Last flight of the day was again on 3 C11-5s. This flight was perfect in all aspects. Although this rocket can be flowing on 3 C6-5s (although no adapters were included), I think the C11 or D12 cluster truly lets this rocket live up to its name.

Recovery:
The mylar parachutes really shine on a sunny day and can handle the wear and tear of multiple flights when you use the correct delay. The Kevlar tether is showing no signs of stress and the Nomex I added has done it's job of protecting the recovery components.

Flight Rating: 4 ½ out of 5

Summary:
This is a great big, albeit expensive kit. The instructions could use a little work and some decals would have helped to really set this kit apart from the others.

Overall Rating: 4 ½ out of 5

[Submit your Opinion]

GUEST's OPINION:
11/04 - "Like the animated gifs. Looks like a cool rocket too!" (R.D.V.)

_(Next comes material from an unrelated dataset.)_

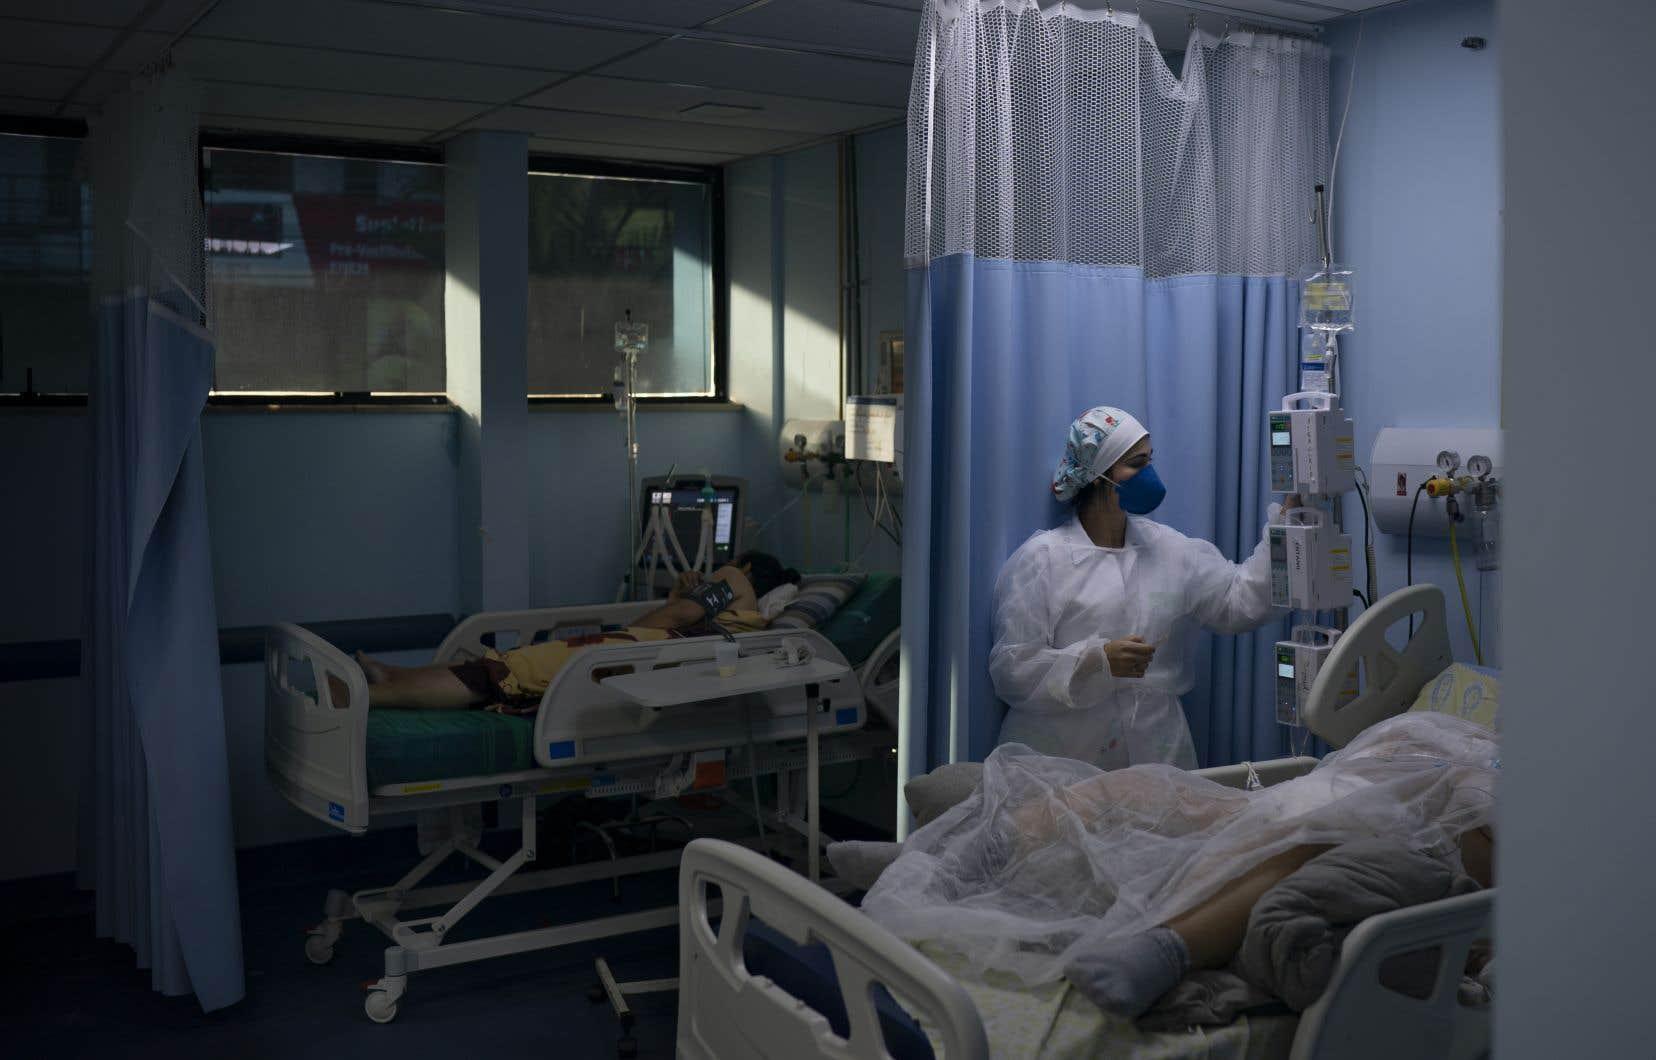 Des patients infectés par la COVID-19 sont traités à l'hôpital de São João de Meriti, au Brésil.
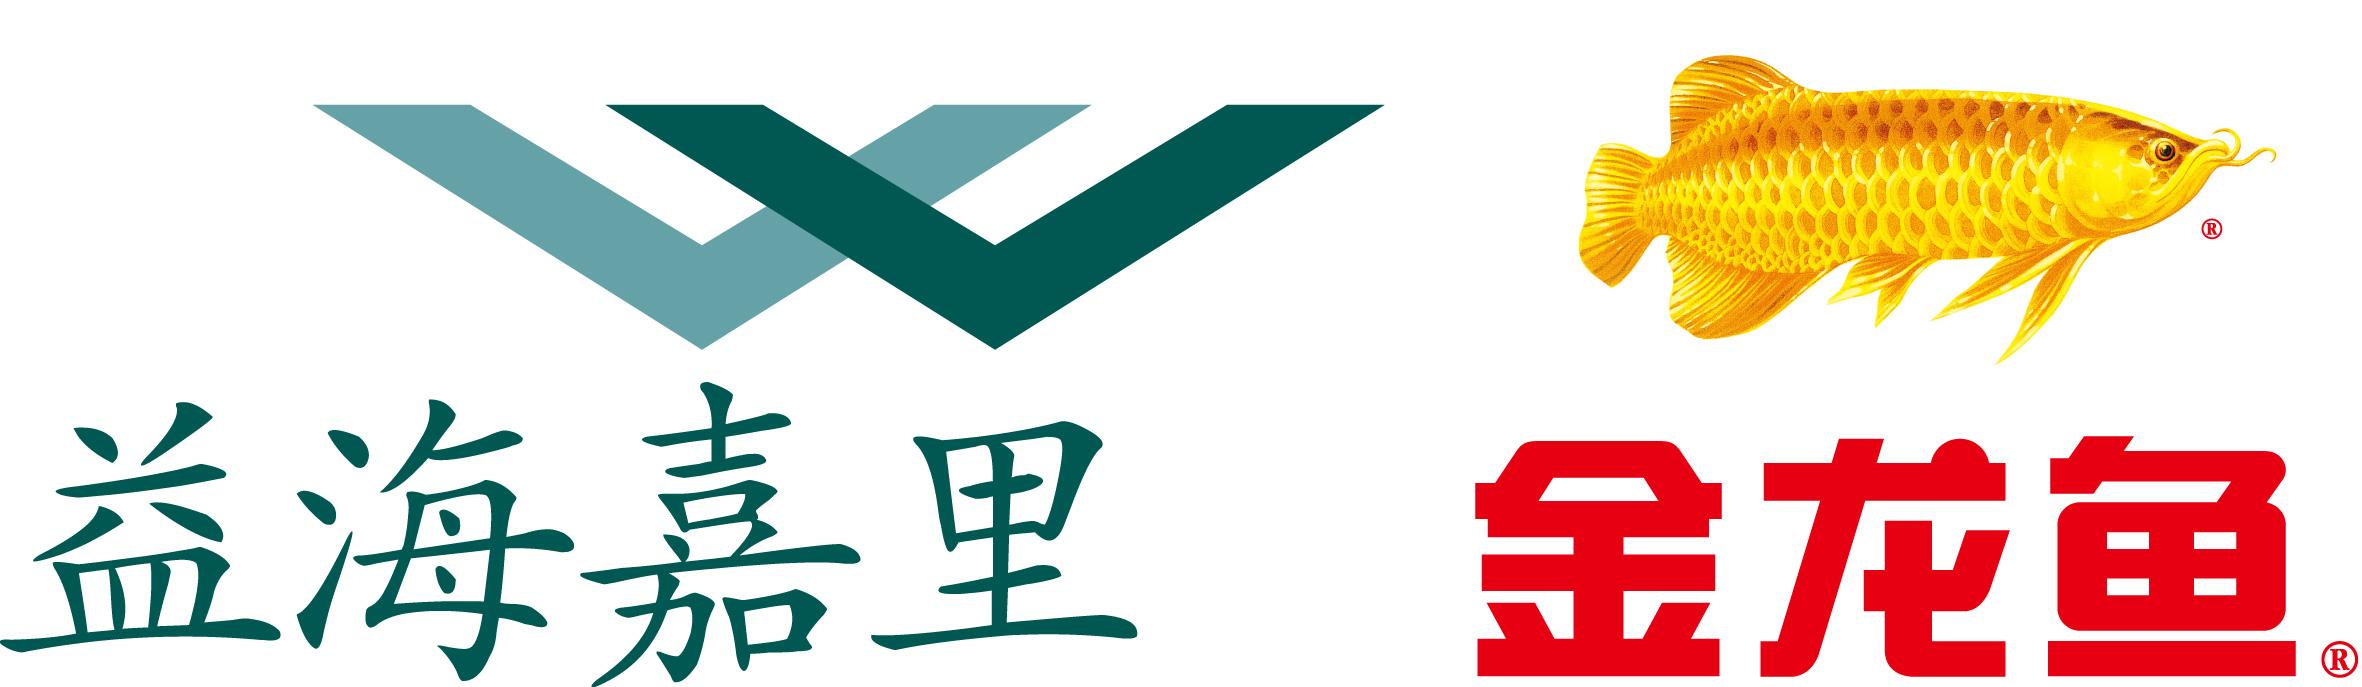 益海嘉里(哈尔滨)粮油食品工业有限公司

[Enter Rocket Specific Tip]

SPECIFIC ROCKET TIP:
"" (x.x.)

[Enter Flight Log]
Date Name Motor Ejection/
Altitude
Wind Notes
10-15-2009 Donald Besaw 3x Est SU C6-5 Just Past (1-2sec) 5-10 mph winds - After nearly 3 years, this rocket takes to the air for the first time for a beautiful maiden flight. Great recovery using an extra long shock cord and 22 inch nylon chute. No damage.
12-15-2009 Donald Besaw 3x Est SU D12-5 Just Past (1-2sec) 0-5 mph winds - Awesome flight, all three D12 motors lit with no hesitation and the rocket really shot off the pad. Reached maybe 1,000 feet. Great recovery, hardly any drift at all. No damage.
10-07-2004 EMRR 3x Est SU C11-3 Very Early Calm - I should have waited to get some C11-5's. Had early ejection and also badly burned lower 'chute and shock line. Small crack on fin of lower section. Upper section went well. Flight up was great! Quick!
10-21-2004 EMRR 3x Est SU C6-5 Just Past (1-2sec) Calm - After repairing the lower 'chute and shock cord and adding a heat shield, I used my 3 C11's as 24mm adaptors. Excellent flight up, straight and stable. At ejection the lower section 'chute never opened due to tangle.
10-21-2004 EMRR 3x Est SU C6-3 Apogee - NC Up Calm - Great lift off. Slower than the C11's. At ejection the upper and lower sections got tangle and it came down on only the lower sections 'chute. No damage.
10-21-2004 EMRR 3x Est SU C6-3 Apogee - NC Up Calm RIP - Finally a fully successful flight! Status: Retired
10-30-2005 Joe Policy 3x Est SU C11-5 Apogee - Perfect 5-10 mph winds - Lots of smoke and plenty of fire, straight boost and great recovery.
10-30-2005 Joe Policy 3x Est SU D12-7 Very Late 5-10 mph winds - Only two motors lit, still had a good boost. Two shroud lines tore from the parachute, delay may have been too long.
10-30-2005 Joe Policy 3x Est SU C11-5 Apogee - Perfect 5-10 mph winds - Last flight of the day was another perfect one. The C11's are a good match for this rocket, plenty of altitude, smoke and noise.
09-23-2006 James Wilson Est SU D12-3 Apogee - NC Down
(450 ft)
5-10 mph winds - Using a different cluster format. Set up to fly on one 24mm, two 18mm Or a combo 1xD12-5,2xC6-5. Its a cluster Thrustline has. Modified/extended center 24mm to use E engines also. Really nice flying rocket.
09-23-2006 James Wilson Est SU D12-3 Apogee - NC Down
(450 ft)
5-10 mph winds - Winds picked up, flight didn't seem affected. Decent was fast, no damage.
09-25-2006 James Wilson Est SU D12-3 Apogee - NC Down
(450 ft)
5-10 mph winds - Lower chute tangle, both sections recovered ok.
09-25-2006 James Wilson Est SU E9-4 Apogee - NC Down
(850 ft)
5-10 mph winds - Both sections landed close together, near the pad. Good flight, stayed within sight.
09-25-2006 James Wilson Est SU E9-4 Apogee - NC Down 5-10 mph winds - Winds started to pick up. Went for a walk this time to recover. Both chutes recieved some ejection charge damage small holes. Overall good flight.